(sorry for this, free write)

where does it hit you first?

for me these days it is the stomach, and really it is remarkable how fast it happens, how easily the body betrays.  i feel it in my throat next with nausea and then sometimes it starts with the knees and my legs go numbish and my head doesn’t feel right.  balance goes off.  not always, but sometimes.

the biggest problem is that it hangs around for a day or so after, at least.  even if the moment of exposure was just that, a moment.  the panic hangs around fizzing a little, and then it is very easily stirred up again, by something as light as a thought.  some small recollection dropping suddenly into disquieting context.  the land still settling.  aftershocks.

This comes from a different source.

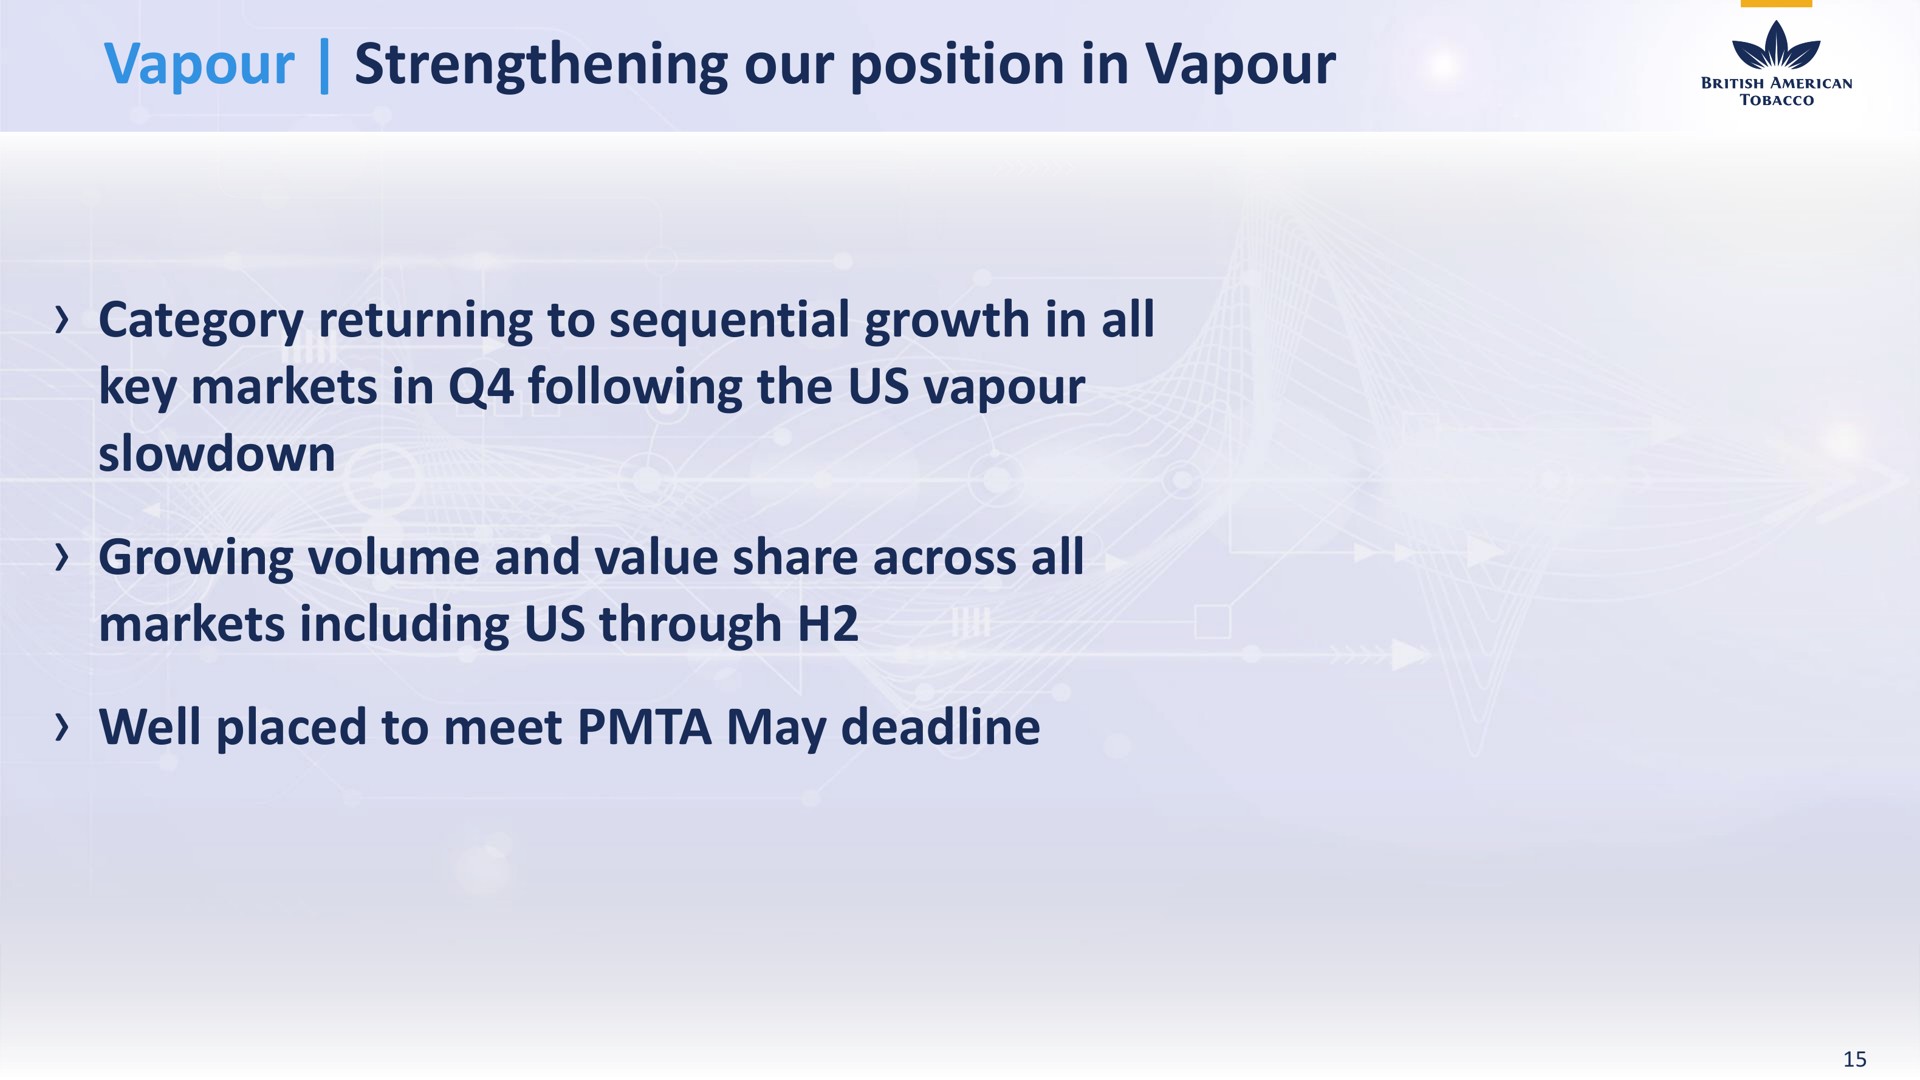 strengthening our position in category returning to sequential growth all key markets following the us slowdown growing volume and value share across all markets including us through well placed to meet may deadline | BAT
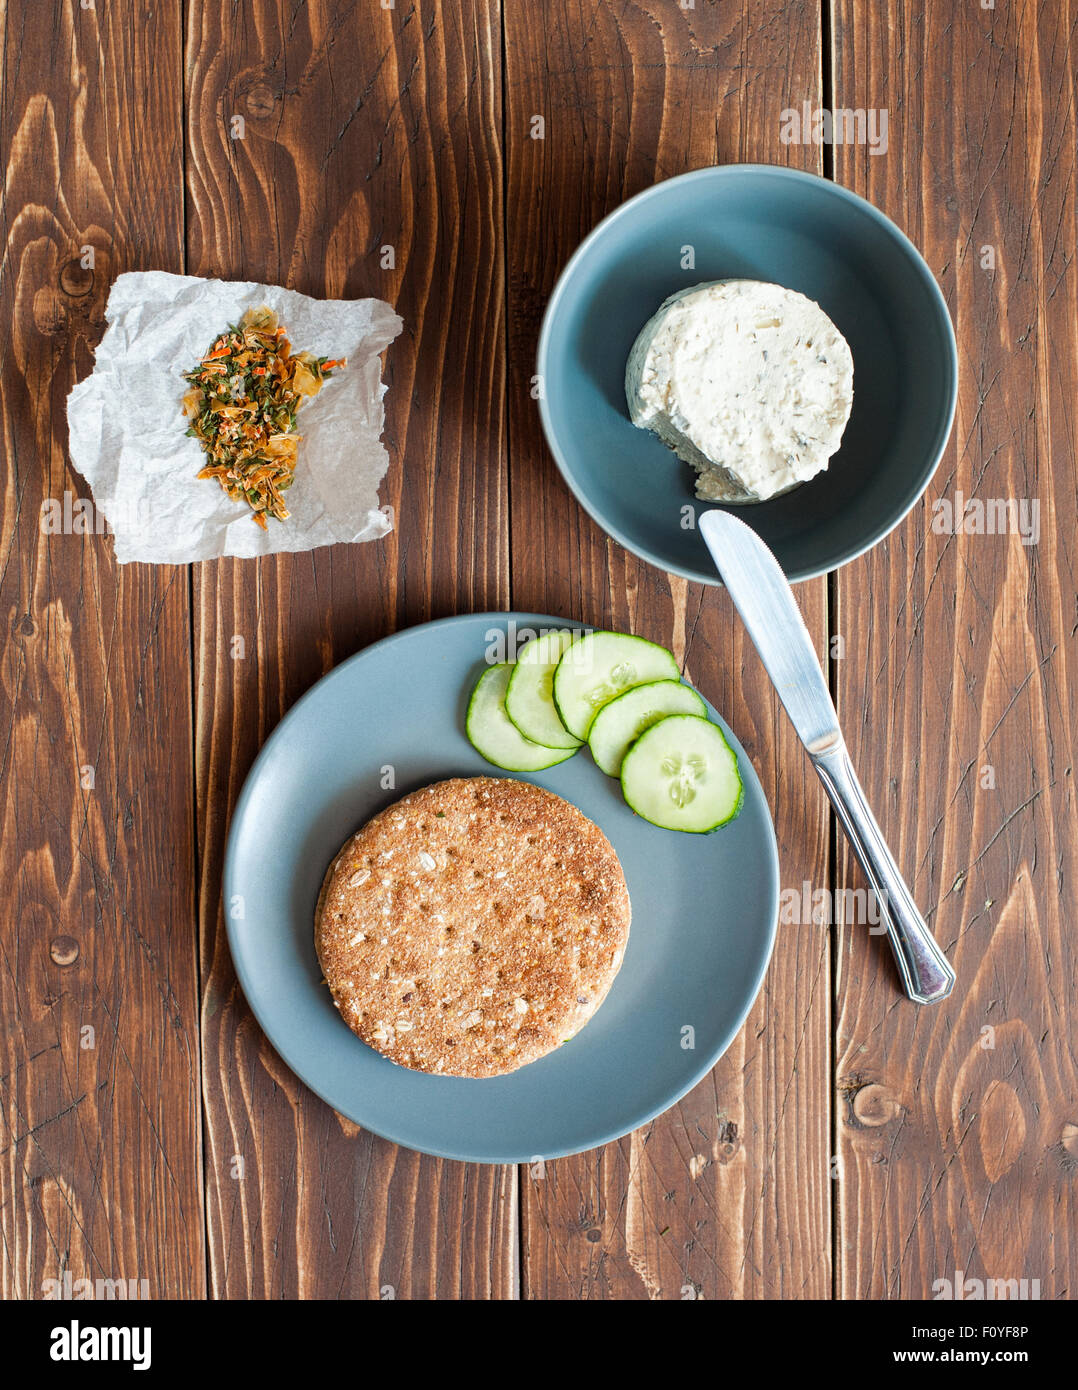 Sandwich with cheese and fresh cucumbers on the wooden background Stock Photo

this is what we get when you build on a faultline (whose fault? mine? his? only 30% mine? who says something like that and does not explain?).  forgive the imagery.  i walked today by the alaskan way viaduct that the mayor wants to tear down due to earthquake risk (he had wanted to tear it down before anyway).  in seattle there is no contingency plan for the Big One we are due for or for mount rainier.  we have not built for either.  the viaduct would simply collapse.  a little more than a week ago i heard rather than saw a noise while crossing under the flyover next to the viaduct and the person with me realized it was an accident, just out of sight – the rider hit water on the street and skidded and hit the curb and we started to run to him, and my phone was in my hand and wouldn’t unlock but finally i dialed 911 (it seemed to take forever (time dilation)) by the time we reached him and seeing the man lying there (others gathered around him faster, people who knew first aid) don’t take his helmet off one person said to another who had started to do so – i never saw the driver’s face through all of this, the helmet stayed on, and the driver was moving and talking?  moving for certain, i remember that others were speaking to him, telling him to stop moving, if he could feel his feet, and 911 wouldn’t  fucking answer the phone, there was liquid around him, my friend said it was the water he had skidded on but i had in the moment assumed that he had pissed himself, a car key had fallen out of his pocket and was beside him on the pavement, and i saw his feet.  the shoes had been ripped, one clean off a few feet away (lying before the accident, as it were, space equaling time), the other still half on his foot split cleanly from the inside of the ankle to the sole and his foot was torn up and i saw the blood, the open flesh and when 911 answered i could only give the intersection and had to ask what the entrance was TO (i-5? the viaduct? i don’t know highways here) of the people trying to help the driver, my friend had helped stop traffic to the entrance and first 911 transferred me to the highway patrol because i spoke incorrectly and then switched me back and then they said someone was coming and i gave my name and number and hung up, and my friend stood beside me and for a moment my legs did not seem to work but they were fine, really, and he held my elbow

we forget about blood, it really is a vulgar garish liquid that is so much brighter than you expect, it is a prop for cheap slasher films, and it is inside us always.  we forget about the faultlines that we live on, that we build on, we build our lives on.  we forget or we trust against emergency, because no matter how much you doubt and plan it isn’t enough.  the body betrays.  it happens in an instant.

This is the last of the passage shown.